I thought that I understood the genetics, but a recent post somewhere (may be another forum, I forget) has me all confused again.

Basically, it was said that a snow x anery pairing would not produce any snow offspring. When I do a punnett square for this pairing it looks like this:

(anery)
Anery Anery

Amel amel/anery anery/anery
(snow)
Anery anery/anery anery/anery

...leading me to think that the offspring would contain a few snows, probability permitting of course. However, it seems that I'm wrong, and now I'm really confused. :shrugs:

If anyone would be kind enough to explain where I've gone wrong, it would be appreciated.

Thanks,
Hannah
 
Sorry, my punnett square came out wrong. Basically, it shows 3/4 of the offspring would have two anery genes, and a 1/4 of them would inherit an amel and an anery gene, making them snows.
 
An anery would be carrying two copies of the wild-type gene at the amel locus. So it would be this:
Snow = amel/amel, anery/anery
Anery = Wild/Wild, anery/anery

Crossing the anery locus, you get all anery/anery, so they are anerythristic.
Crossing the amel locus, you get all Wild/amel, so they are not amelanistic.

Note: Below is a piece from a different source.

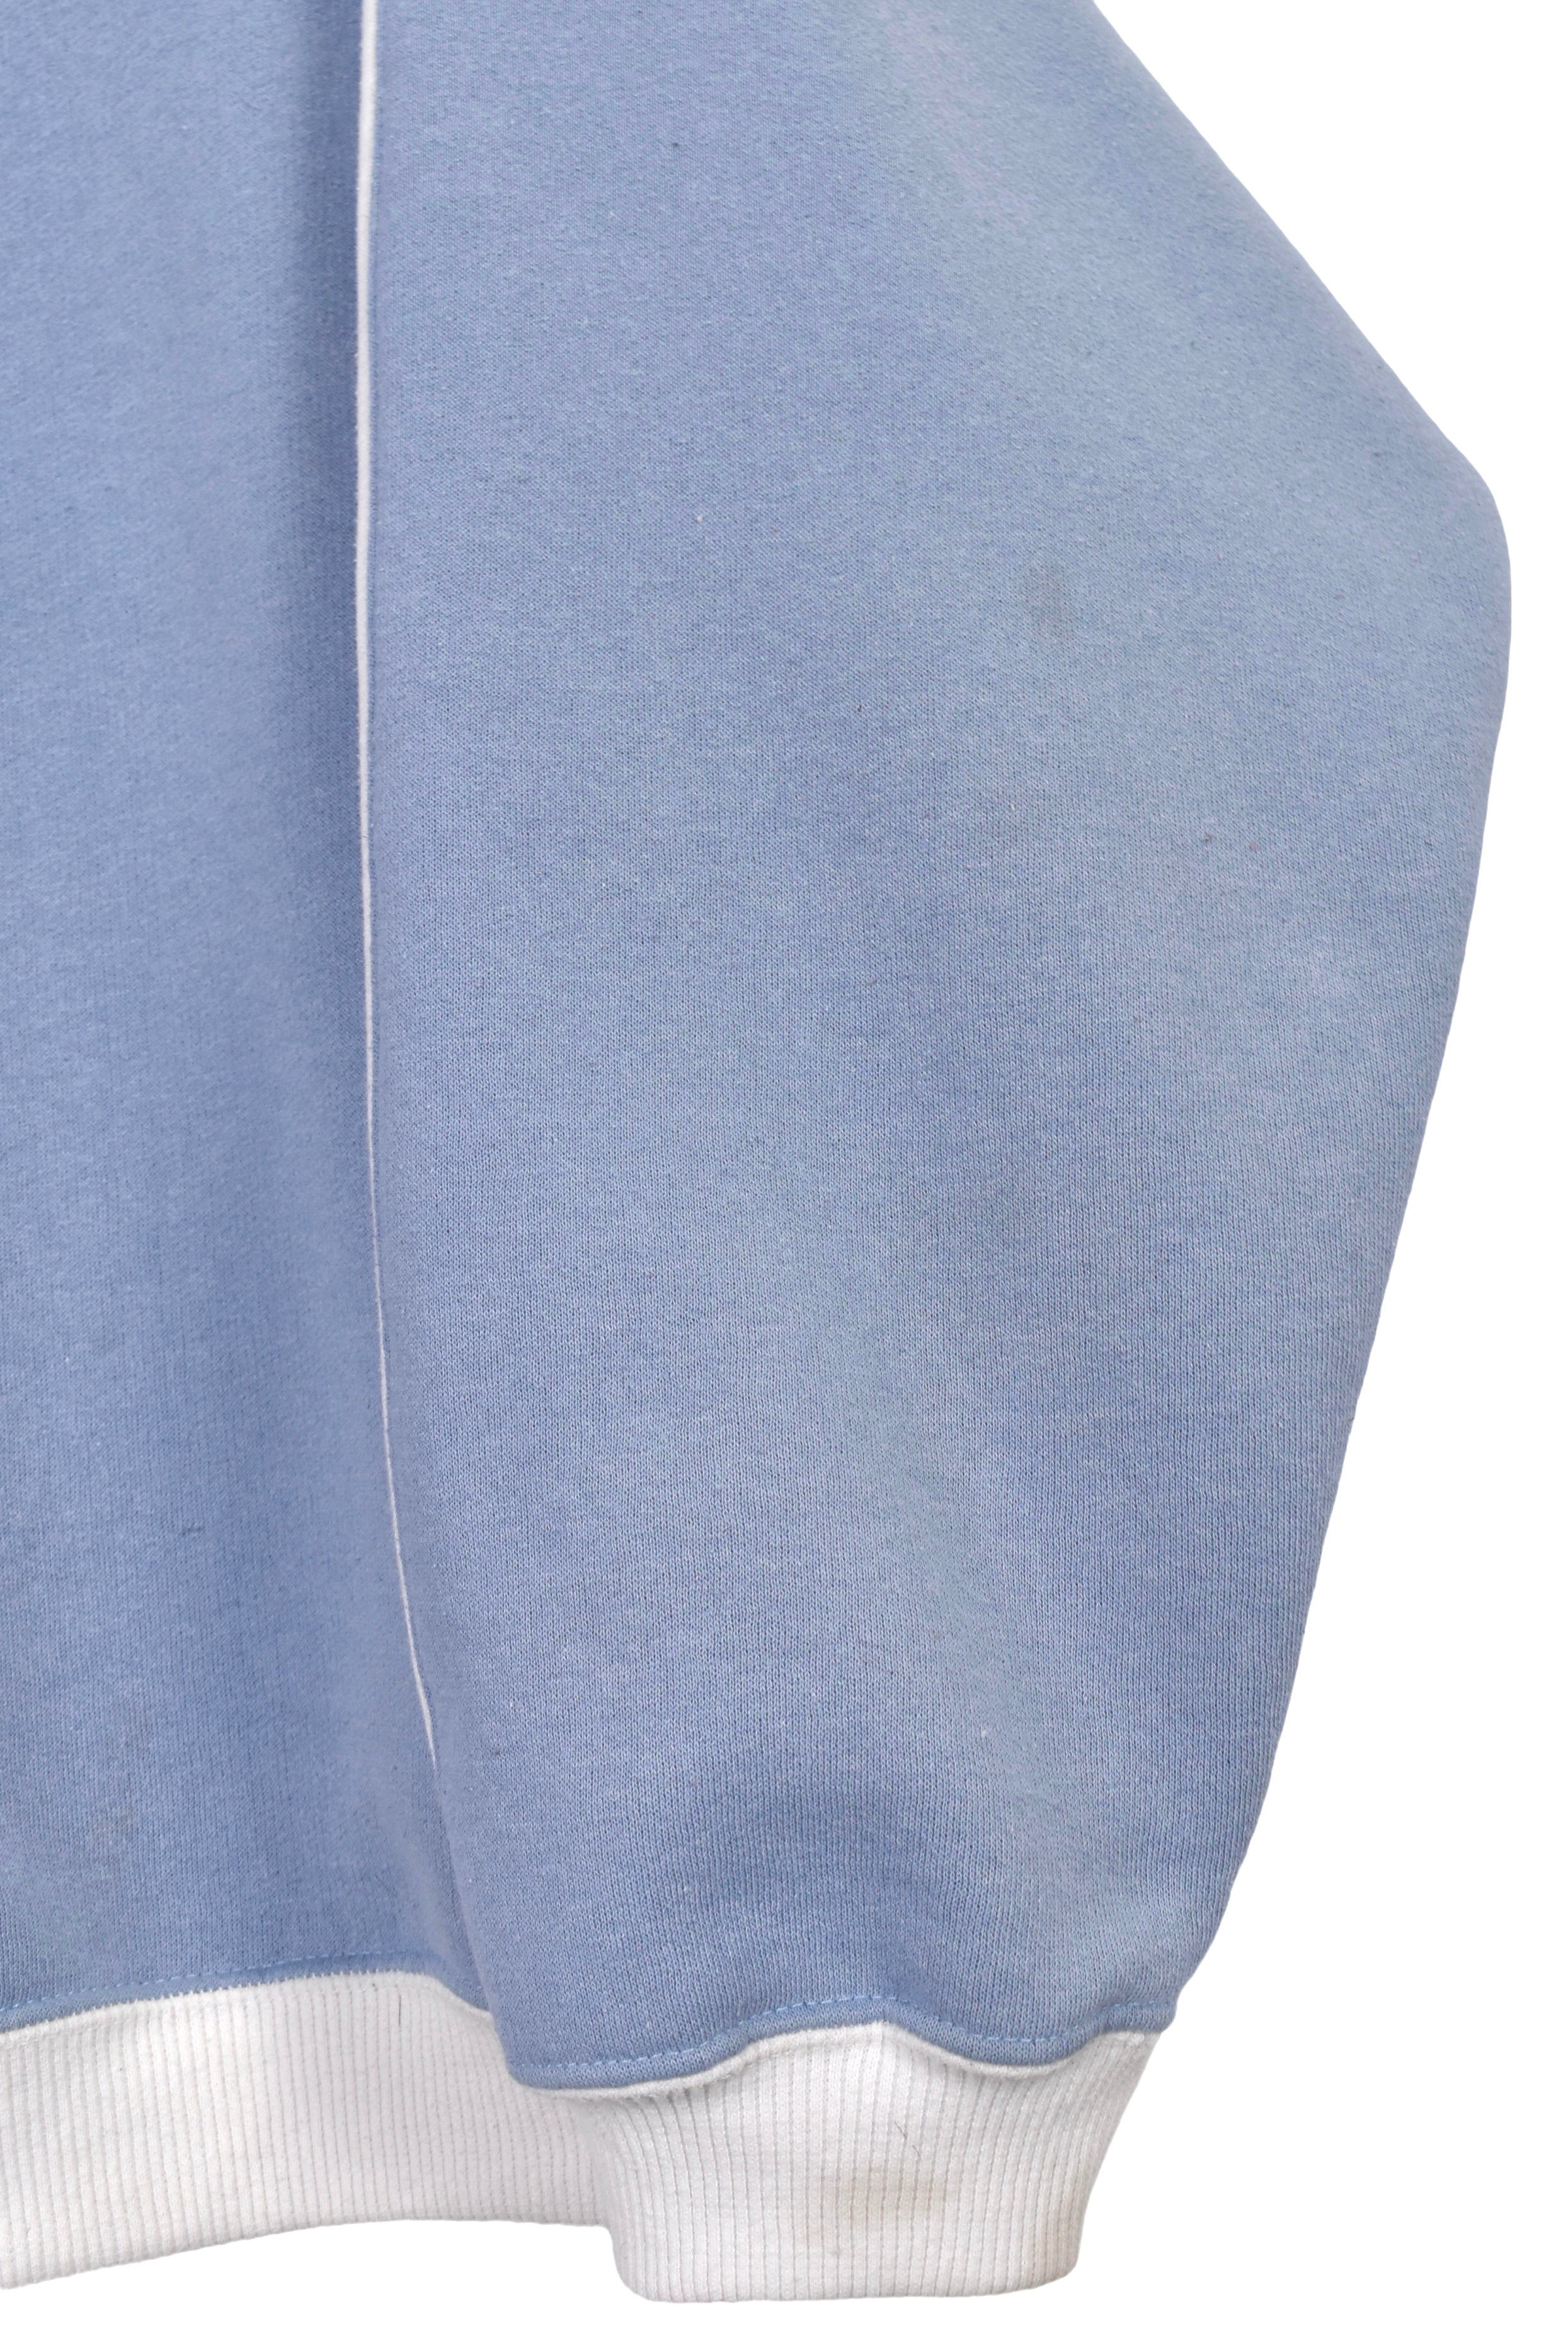 Womens vintage Nike sweatshirt, blue embroidered crewneck - Large

If the anery is het amel (Wild/amel, anery/anery) then you'd get a prediction of half anerys half snows. :)
 
Ya, each locus is independent. I think maybe you were mixing anery genes in at the amel locus or something similar. :)
 
i sure can't wait much longer............hopefully one of these days i will know what was just said here. :shrugs:
 
gwb8568 said:
i sure can't wait much longer............hopefully one of these days i will know what was just said here. :shrugs:

Well, I think reading through all major cornsnake pages on genetics might get you that far soon. For understanding genetics one does not need breeding experience, only the capacity to practice with the knowledge about genetics available. I think anyone who is interested can learn it.
 
Blutengel said:
Well, I think reading through all major cornsnake pages on genetics might get you that far soon. For understanding genetics one does not need breeding experience, only the capacity to practice with the knowledge about genetics available. I think anyone who is interested can learn it.

thank you.........believe me, i am trying. with 3 cornsnake books and a usual regular visit to this site daily, i know more than i did. but then again i didn't know anything about biology/genetics of any sort so it will still take awhile. :)
 
Aw, silly me, I use to think most people did learn basic genetics somehow... not knowing basic genetics does make this way harder to get, I get that!